(Exercise requirements)
Your task is to give the listing below back word for word, pictures excluded.

(Dataset extract Opens)

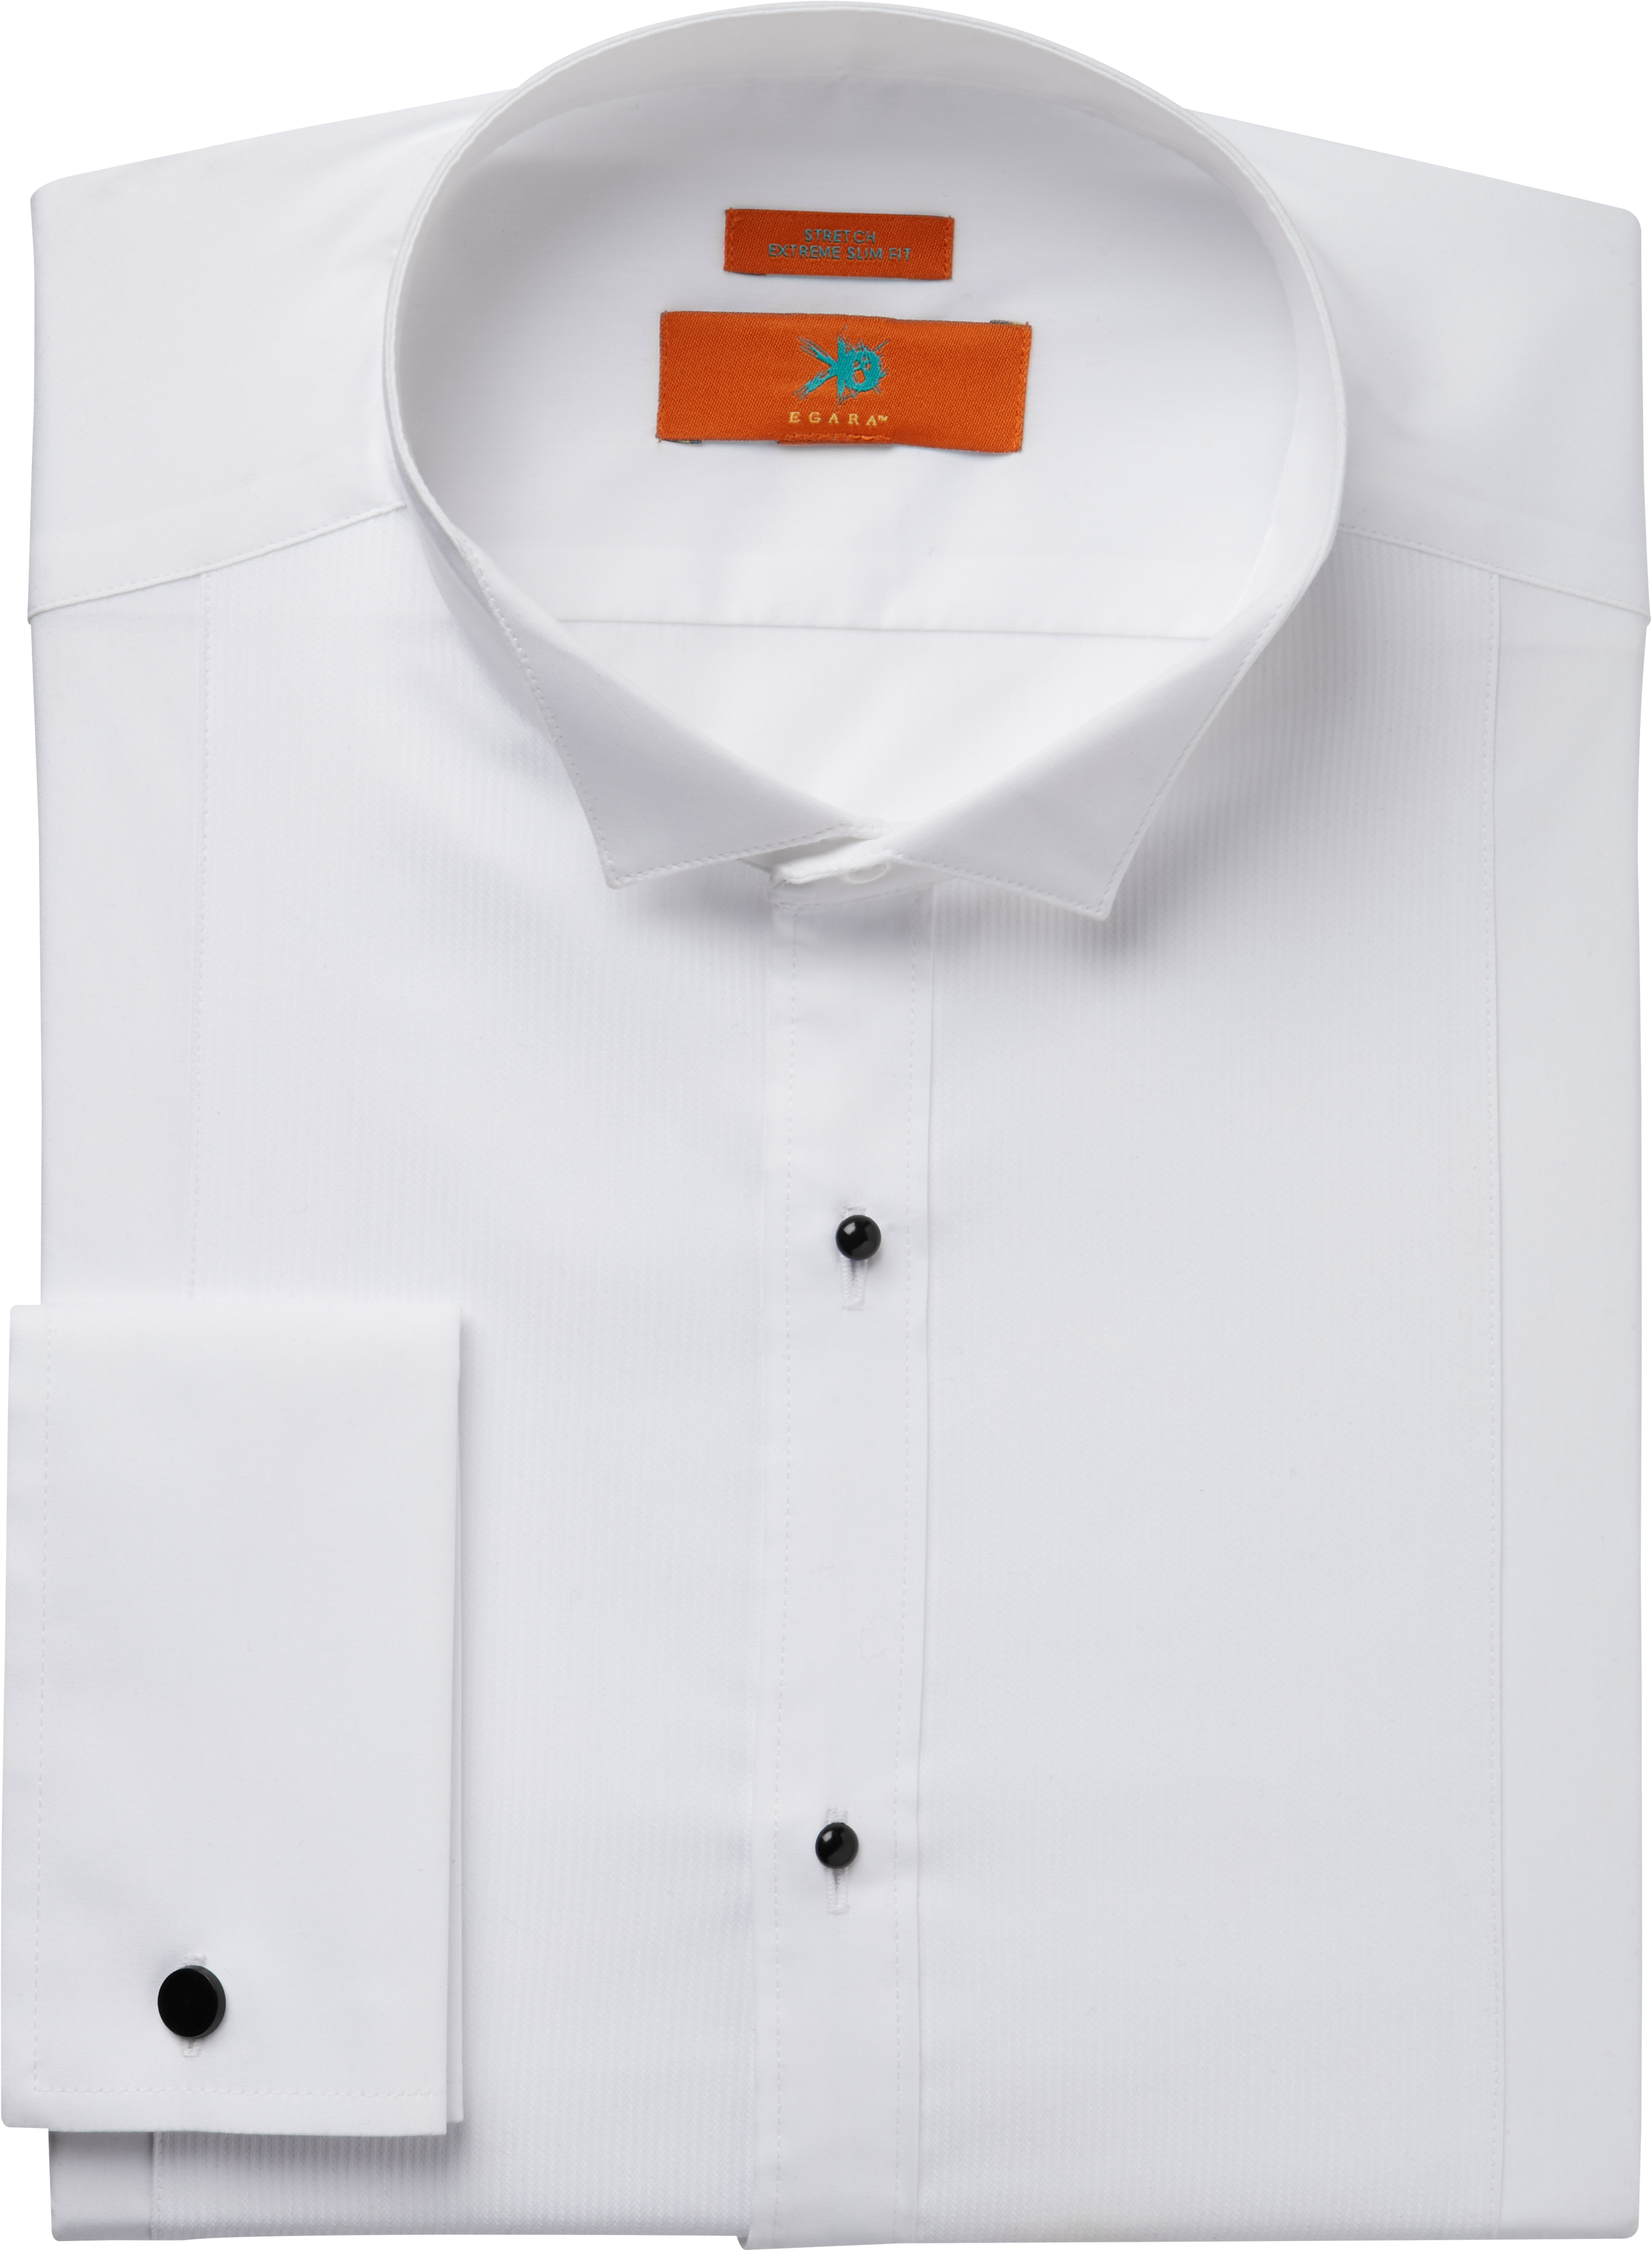 Egara Orange White Extreme Slim Fit French Cuff Dress Shirt - Men's Big ...
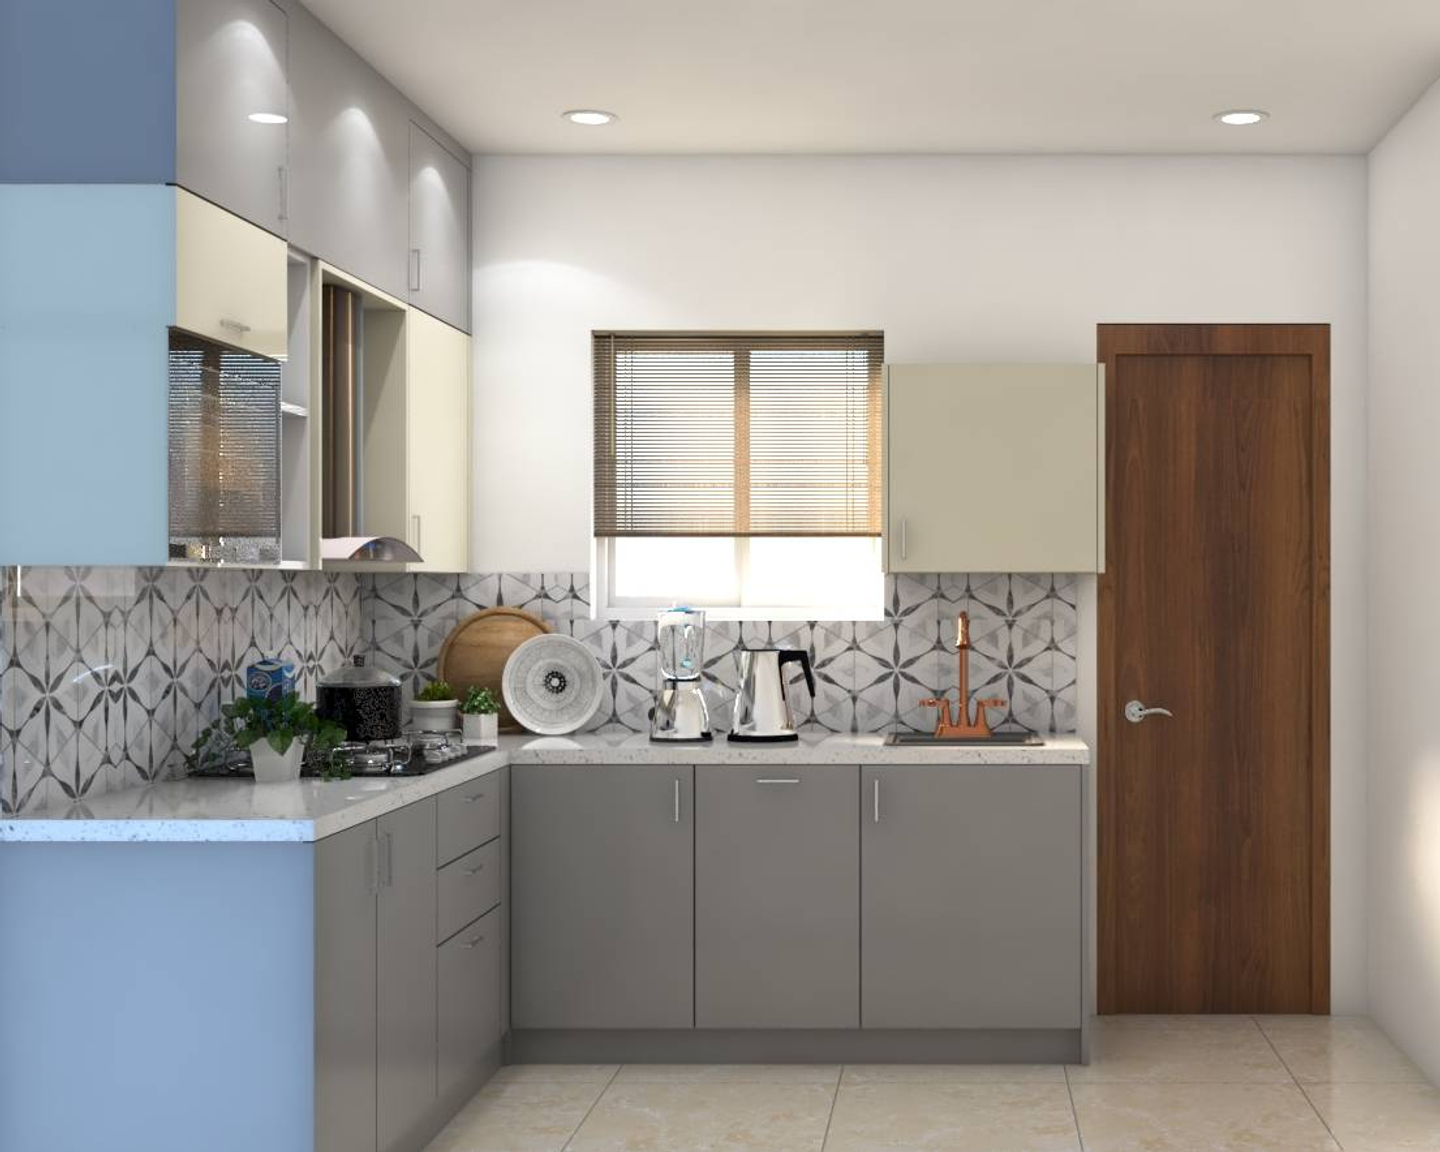 Modular Kitchen Design Ideas - Livspace
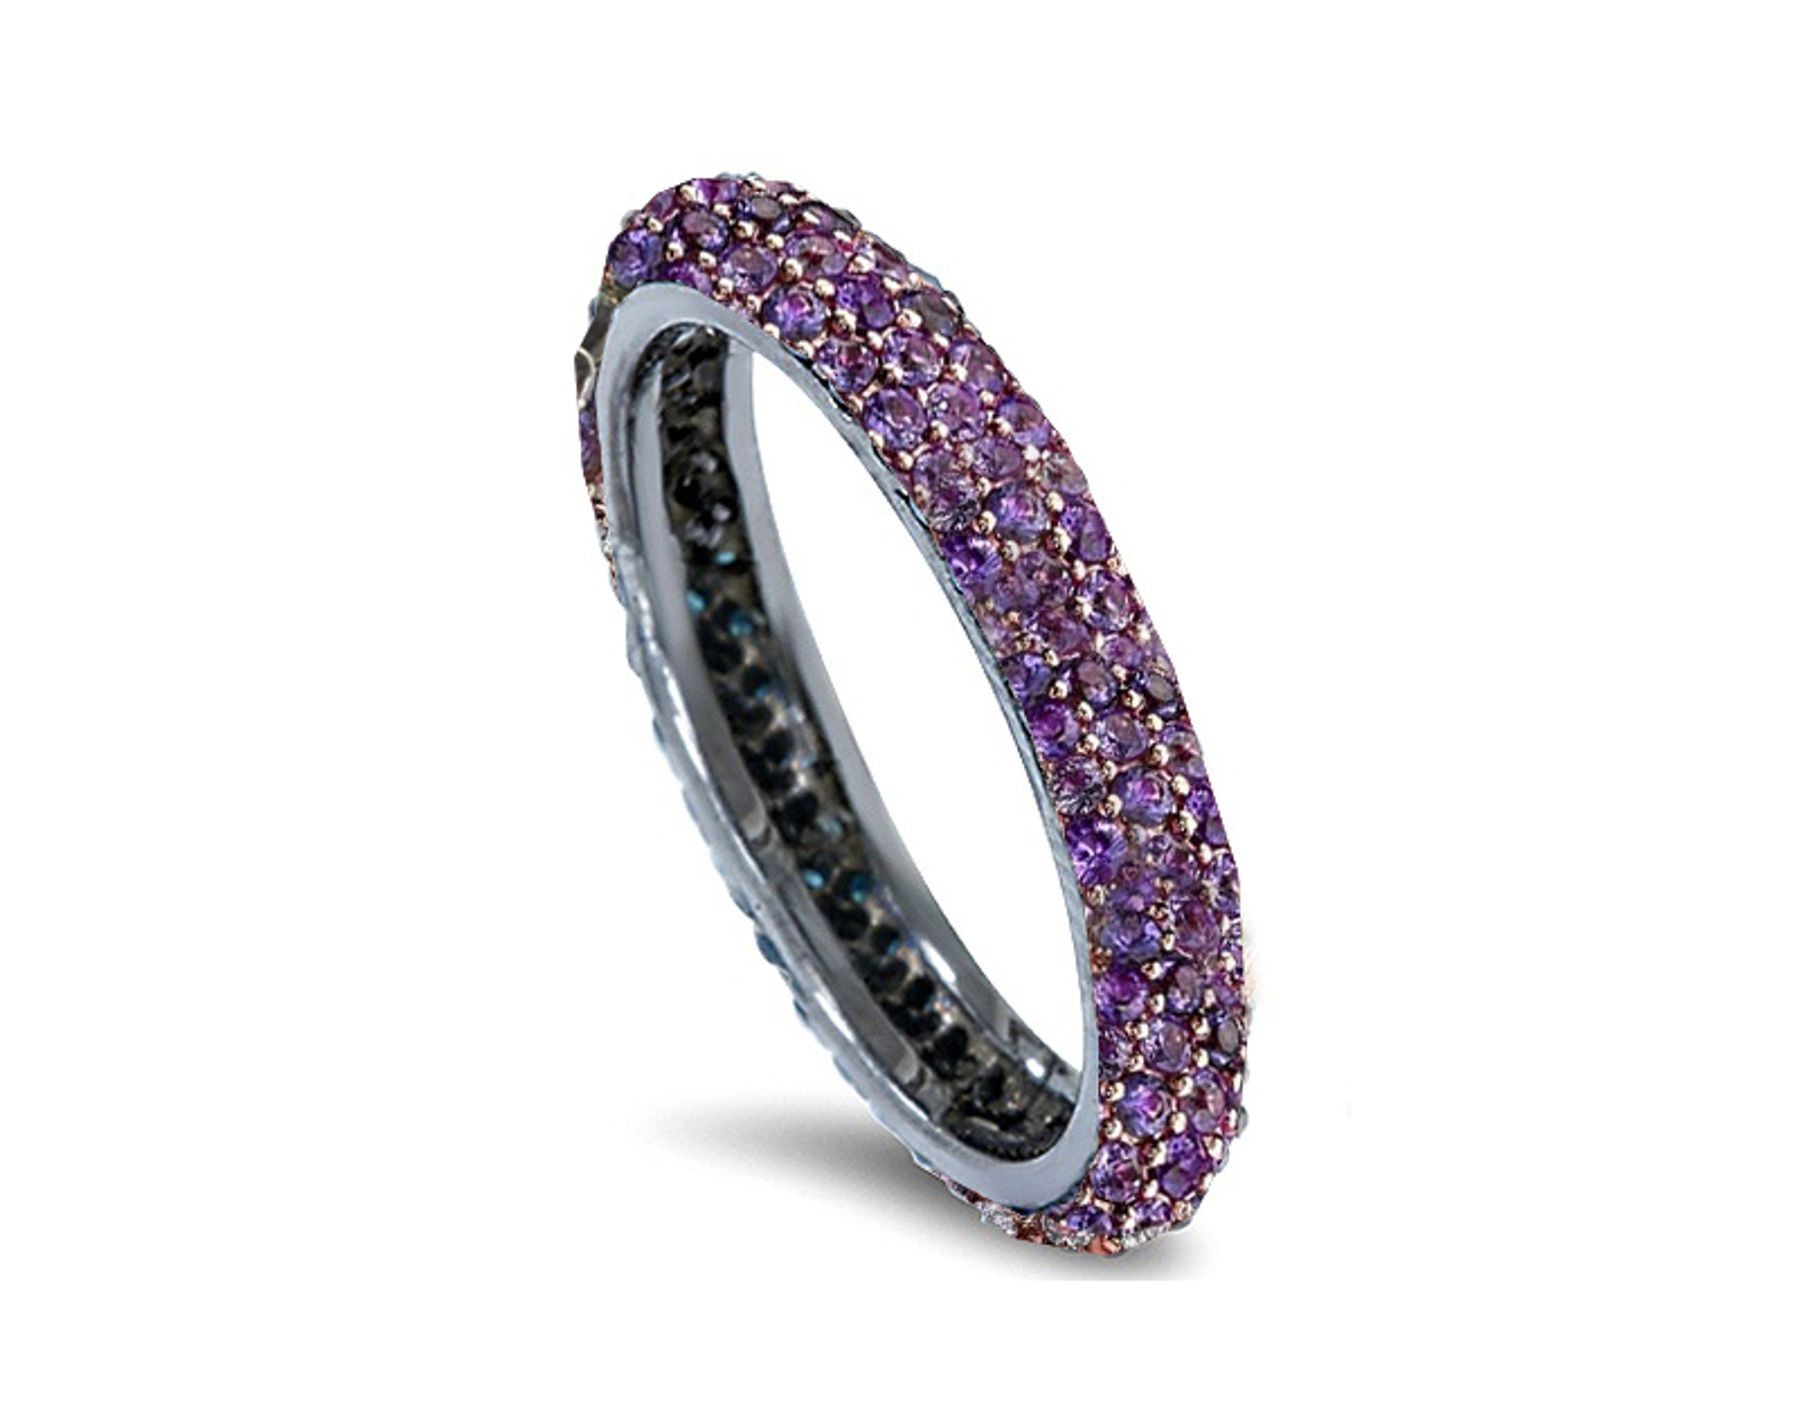 Delicate Women's Eternity Rings Featuring Vivid Purple Sapphires & Diamonds in Halo Precision Micro pave Settings

(Dataset extract Closes)

(Response for this exercise)
 Egara Orange White Extreme Slim Fit French Cuff Dress Shirt - Men's Big ...
 Modular Kitchen Design Ideas - Livspace
 Delicate Women's Eternity Rings Featuring Vivid Purple Sapphires & Diamonds in Halo Precision Micro pave Settings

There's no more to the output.